A game where players inhabit a gay character is a fantastic use of the medium, and while the homophobic reaction totally sucks, these sorts of "controversies" are really important if games are going to grow into a serious art form.

If a painting is unique because it is flat, and music is unique because it manipulates time and sound, then gaming is unique because it has access to the variable of control. What happens when you can't control a character's sexuality, but you can control a subset of his actions? Can this arrangement make players walk in someone else's shoes in a more literal way than can any other medium? These are the sorts of possibilities that open up when you treat games as art, and I am fascinated by them.
posted by martens at 1:27 PM on October 6, 2009 [4 favorites]


Yes, clearly the best way to show gays in videogames is as little dolls with mouths you can press together.

As utsutsu said, the Sims handles gay characters perfectly, which is to say they get no special treatment pro or con. You want a household of two moms and an adopted kid? Or two bachelors who happened to have one bed? No problem. The game says nothing about it, doesn't restrict you from doing it, and just keeps on working as expected. I can't think of a better way to handle it, actually. I'd happily let my kids encounter that aspect of the game: it's completely non-judgmental and by-the-way. Very well done.

The only other game I've seen do the 'no big deal' treatment well was Rockstar's Bully (yes really), a sort of sandbox GTA-style game in a private school. You play a male teenager, and one of the sanctioned in-game way to receive a health boost is by negotiating a consensual kiss from any teenaged girl... or from some boys.

This isn't mentioned or explained in the tutorial or manual. It just works... naturally.
posted by rokusan at 1:31 PM on October 6, 2009 [11 favorites]


I expected criticism of my work, but to me there were far more pressing issues than the player character's sexual orientation.

Yeah, from the linked forum, it seems like most of the commenters are focusing as much on other criticisms of the game rather than the sexual orientation of James.
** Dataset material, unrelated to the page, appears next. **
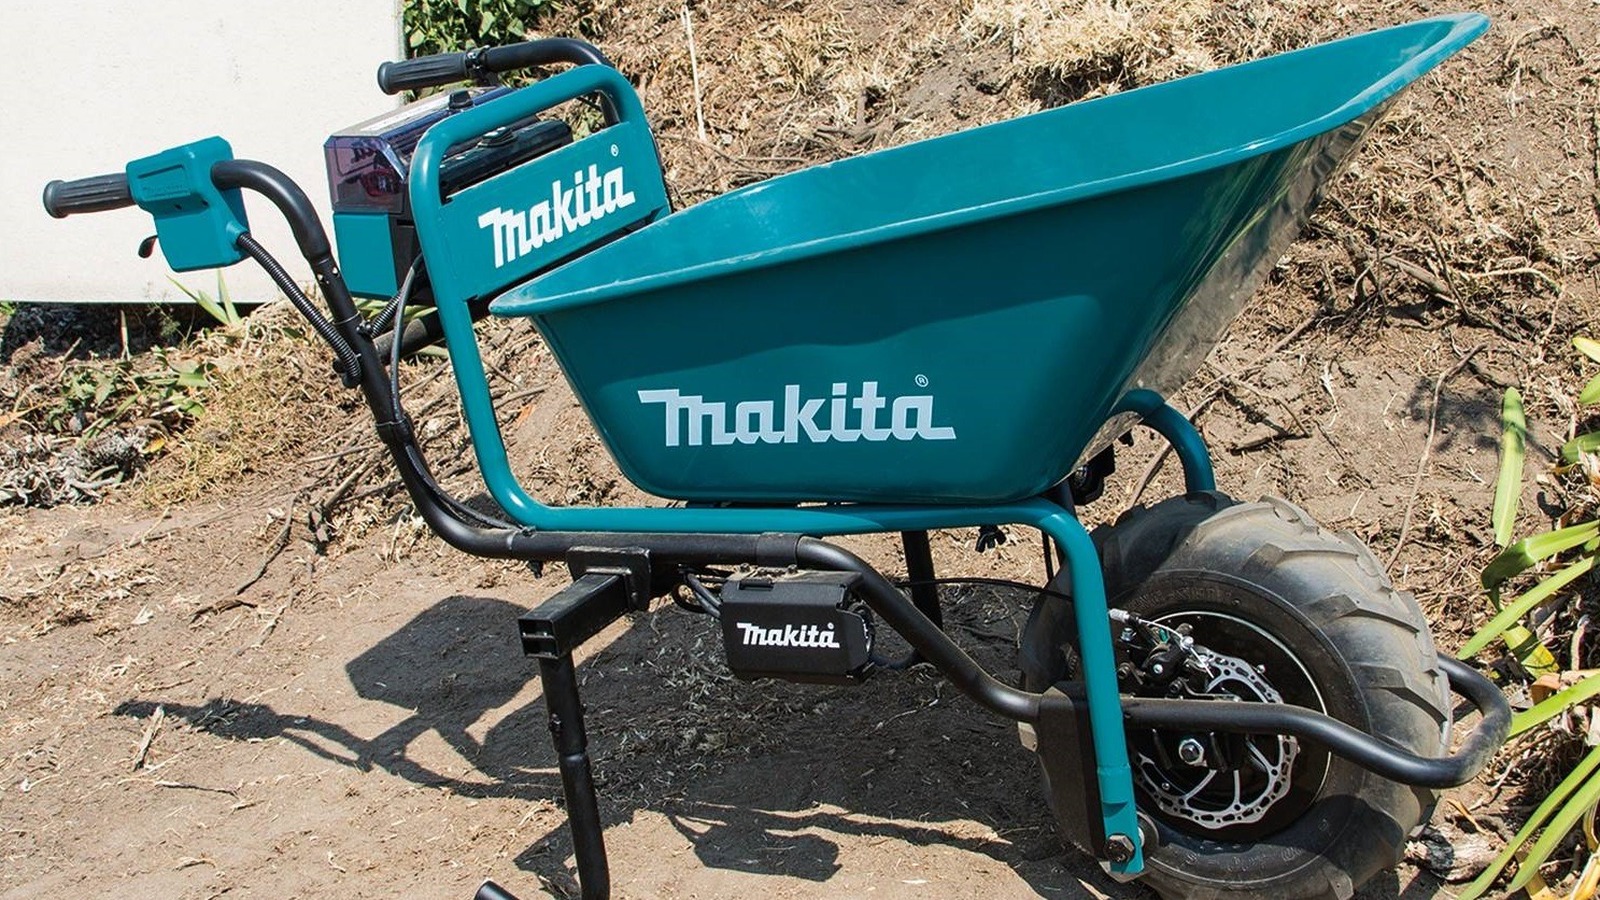 Lo que necesita saber sobre la carretilla a batería de Makita antes de comprarla

He really seems to be stretching here. I'm sure somewhere there are people bitching about the gays, but not in that link.

This seems to be a valid concern:

While I appreciate the artistry of the introduction, I think it actively detracted from the piece, honestly. Because, if the player is not themselves gay, they're likely to spend the whole game completely out of character, trying to figure out just exactly why they're supposed to give a damn.

It almost seems like the author was *hoping* for some gay-bashing so he could get an Escapist article out of it.
posted by mrgrimm at 1:32 PM on October 6, 2009 [1 favorite]


You know, I'm really looking forward to the halcyon future where we don't care what consenting adults do in private, and gay gamers don't feel the need to Make A Point with their game-engine mods.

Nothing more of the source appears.